New beautifully preserved fossils of Facivermis collected in China have now revealed that it would once have lived in tubes on the sea floor, swaying gently in the current - not unlike what we see with tube worms today.
These fossils have confirmed that the worms were not actually an intermediary species, but in fact a full member of the lobopodians, and that Facivermis had lost a number of its hind limbs to better suit its tube-living existence.
'A key piece of evidence was a fossil in which the lower portion of a Facivermis was surrounded by a tube,' explains Richard. 'We don't know the nature of the tube itself, but it shows the lower portion of the worm was anchored inside by a swollen rear end.
'This is the earliest known example of secondary loss - seen today in cases such as the loss of legs in snakes.'
The Cambrian Period (541-485.4 million years ago) was a time of incredible innovation in animal diversity.
It was during this period that the Cambrian explosion occurred. This was when most of the major groups of animals first started appearing in the fossil record as the different forms of life rapidly expanded.

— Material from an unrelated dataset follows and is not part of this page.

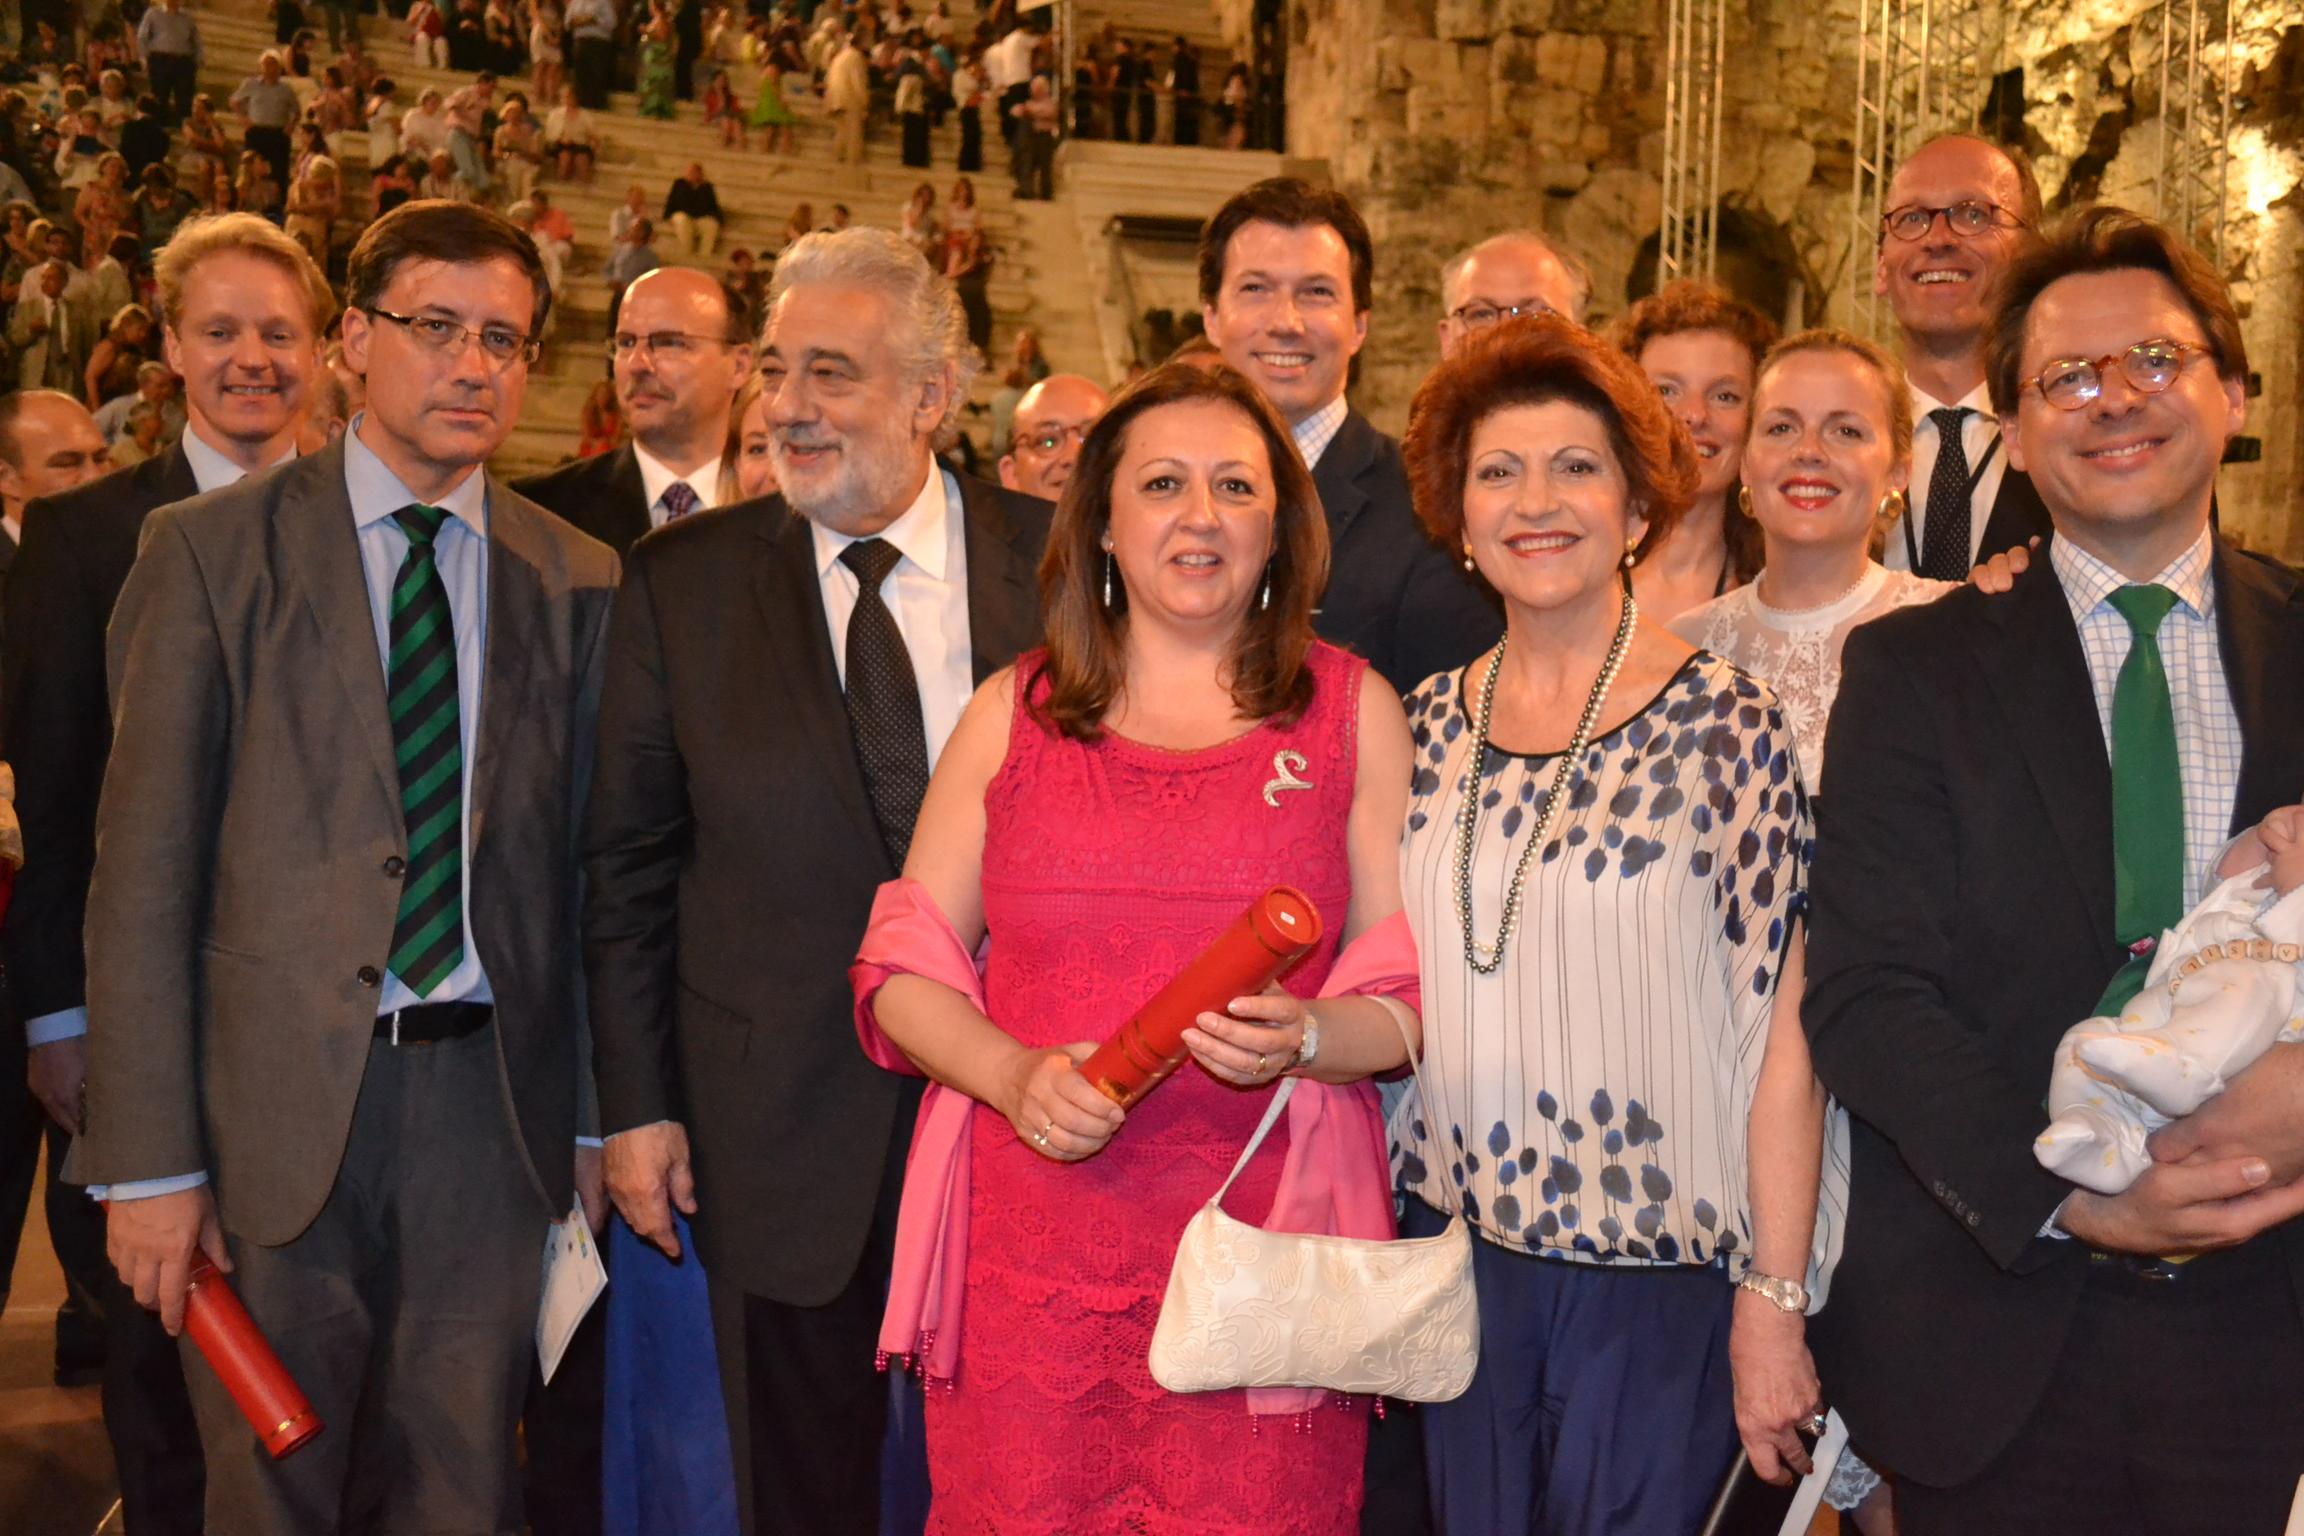 La Alhambra, protagonista de la entrega de los Premios Europa Nostra en Atenas por la restauración del Patio de los Leones

Lasting for just 20 million years, this event is considered one of the most crucial in the evolution of animals.
This new evidence from Facivermis fossils shows that it was also during this period that animals first started experimenting with losing features that they had already evolved.
'We generally view organisms evolving from simple to more complex body plans, but occasionally we see the opposite occurring,' says senior author Dr Xiaoya Ma. 'What excited us in this study is that even at this early stage of animal evolution, secondary loss modifications - and in this case, reverting back to lose some of its legs - had already occurred.'
What we know about the lifestyle of these animals can further be expanded by the exquisite preservation of the fossils coming from the Chengjiang Biota in Yunnan Province, south-west China.
Out of 30 fossils of Facivermis, two show evidence that these animals lived in tubes on the sea floor. This further supports their morphology, helping to explain the worms' curious appearance of a long, slim body that ended in a bulbous sac covered in hooks.
'Living like this in tubes, the animals' lower limbs would not have been useful and over time the species ceased to have them,' says Richard. 'Most of its relatives had three to nine sets of lower legs for walking, but our findings suggest Facivermis remained in place and used its upper limbs to filter food from the water.'
Dr Greg Edgecombe is a Merit Researcher at the Museum who focuses on the evolutionary history of invertebrates and the diversification of animals during the Cambrian explosion, and was a co-author on this latest paper.
'For several years we and others have been finding lobopodians from the Cambrian period with pairs of appendages along the length of the body - long, grasping ones in the front, and shorter, clawed ones in the back,' says Greg. 'But Facivermis takes this to the extreme, by completely reducing the posterior batch.'
This new data shows that some of these lobopodians were in fact highly derived, adapted for a lifestyle previously unknown from this group, in which the animals were neither walking nor crawling.